The rumble erupted when a clot of boys from the self-styled Pit Gang,
who’d been sitting on the “camel’s hump’’ — a knoll just south of the
baseball diamond — unfurled a large white quilt featuring a black
swastika.
DiManno's
column comes at a particularly interesting moment for me. I have been
talking to someone on the subject of the Christie Pits riot and his
reminiscences passed down from his grandmother differ markedly from the
account on the Christie Pits historical plaque, in the wikipedia article
and in DiManno's column. According to all three of these sources the
riot pitted an Anglo-Canadian group known as the Pit Gang against Jewish
and Italian immigrants. The spark that touched off the riot was
displaying the swastika by the Pit Gang.
Not
so according to my friend's grandmother. This bit of oral history has
the foreigners displaying the fascist symbol and Canadians defending
their country against these pernicious foreign influences. I honestly
cannot fathom why someone would hold to such a view unless it is
misplaced loyalty to a grandmother who could not acknowledge that
Toronto's history is filled with such bigotry.
For
myself, such blatant display of prejudice brings back memories of
racist comments from members of my own family. It brings back memories
of being torn away from my friends and parochial school because my parents were afraid of those people. I do not like it one little bit. I may have been powerless
when I was a nine year old child but I am no longer that child and I do
not have to endure such bigotry and prejudice in silence.
2 comments:
Hey wait a minute Freyr, are you equating 'racist comments' by some members of your family with the anti-social antics of a group of thugs? I wouldn't take Rosie DiManno, Wikipedia, or a city of Toronto plaque as definitive and unassailable history on what has always struck me as a shabby little neighbourhood rumble.

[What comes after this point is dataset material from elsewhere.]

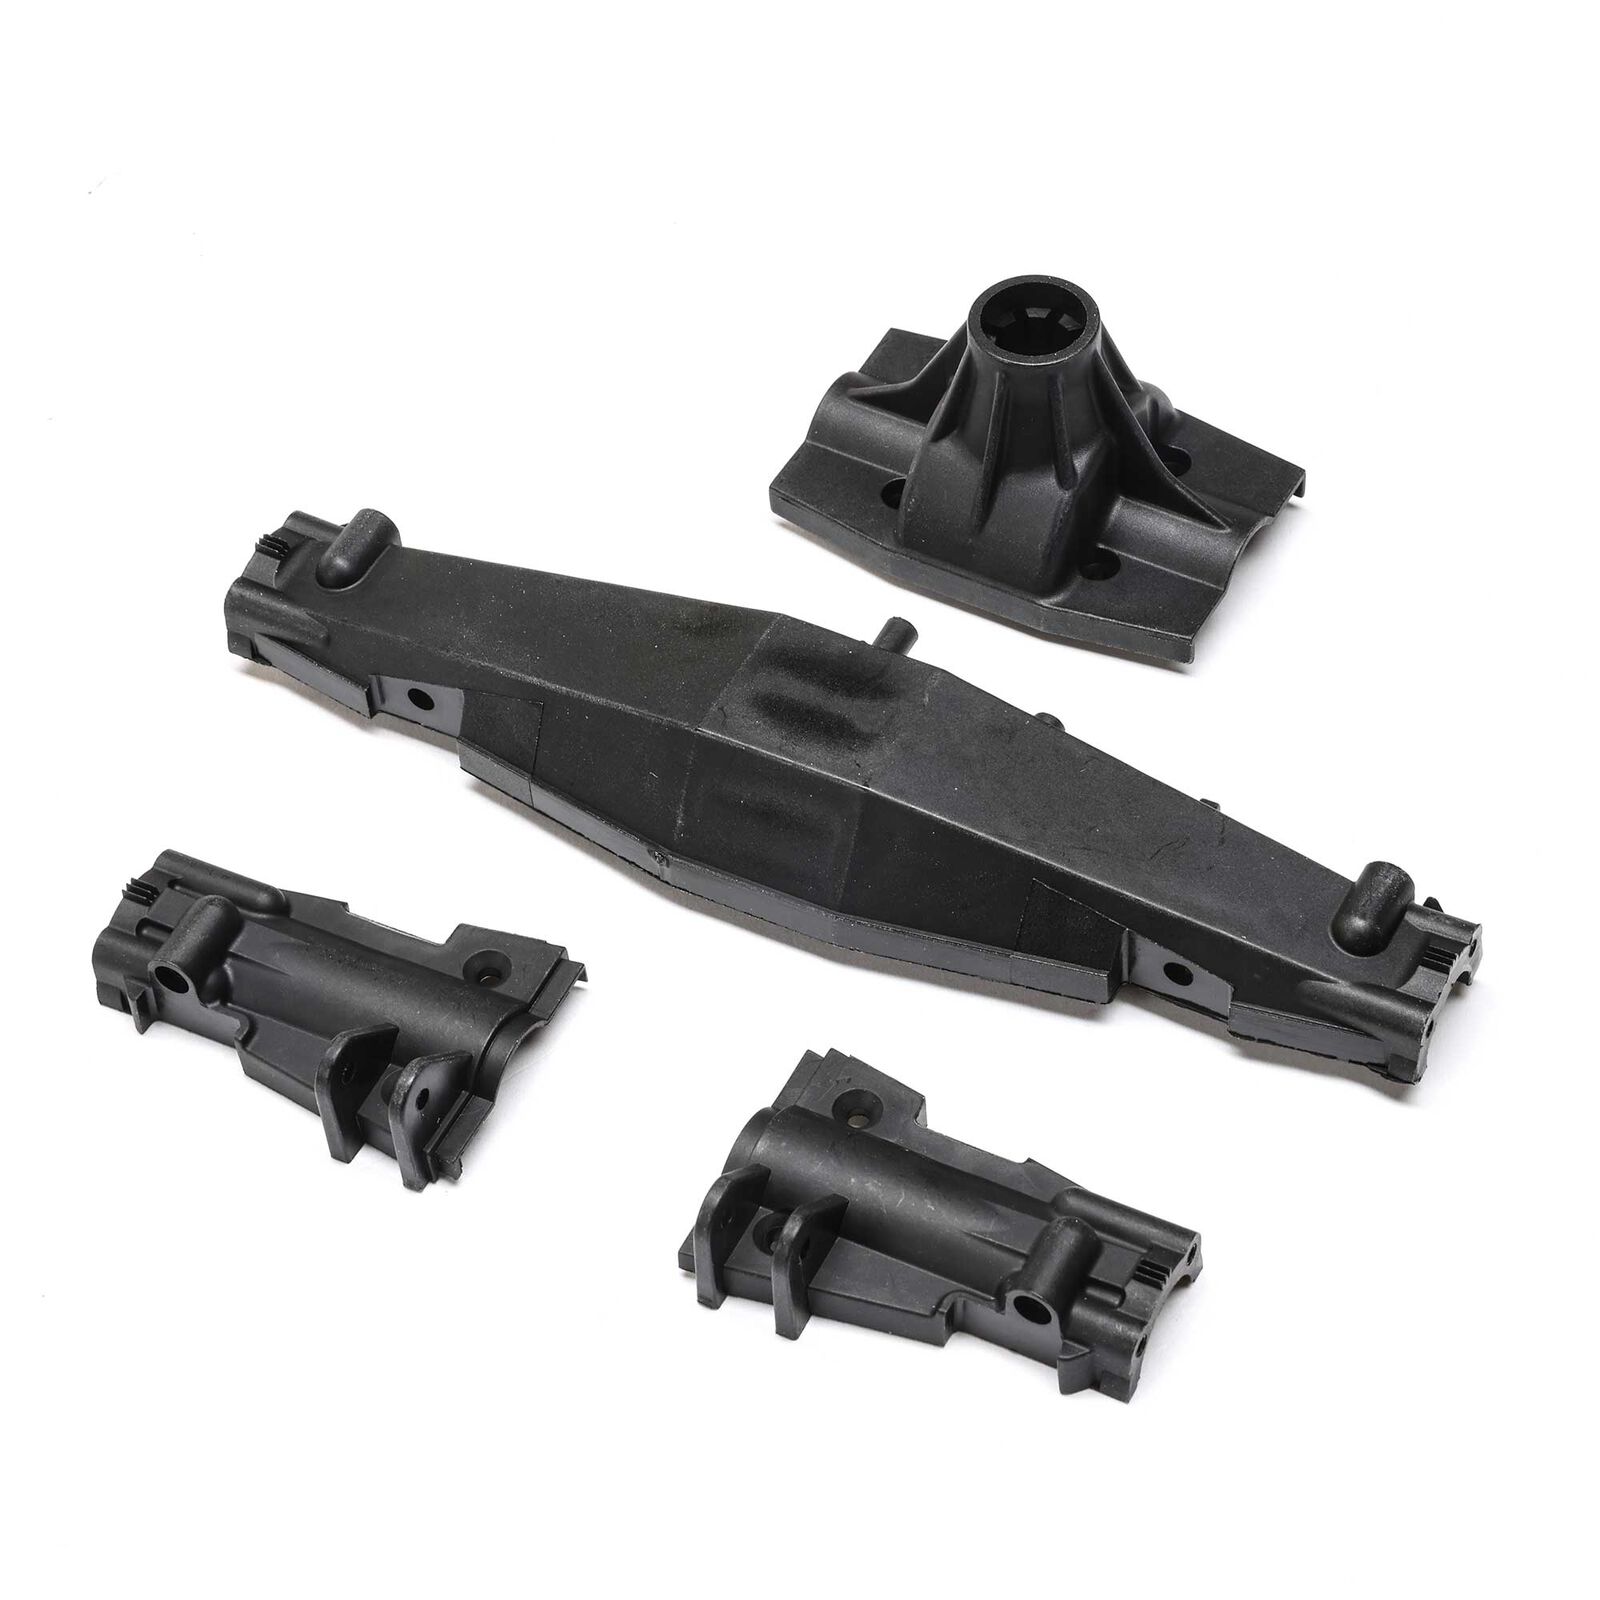 Axle Housing Set, Center: TLR Tuned LMT
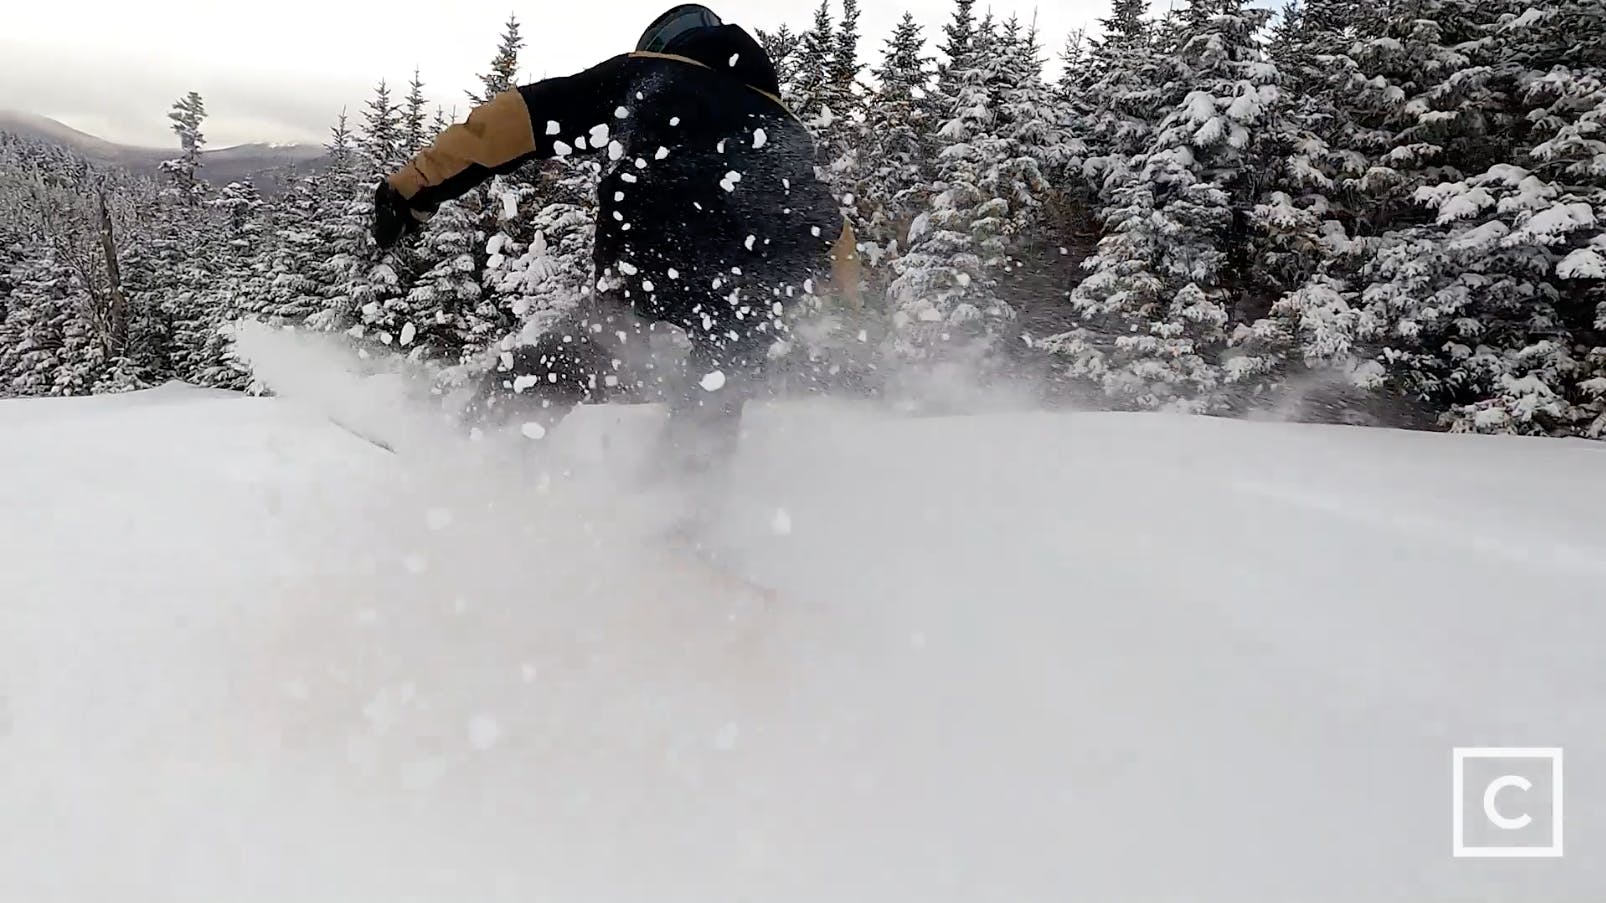 Curated expert Colby Henderson kicking up a spray of powder as he launches into a jump on his snowboard

And who were 'those people' who managed to infiltrate your parochial school? More details please.
I am amazed that you remember back to 1933... or do you also have a grandmother in this? Back in 1933 neither you nor I would have been welcome in many places in Toronto. As for not trusting Rosie DiManno, Wikipedia or a historical plaque... why should I trust your opinion over theirs? There has been historical research done on these events and the books are available at the reference library.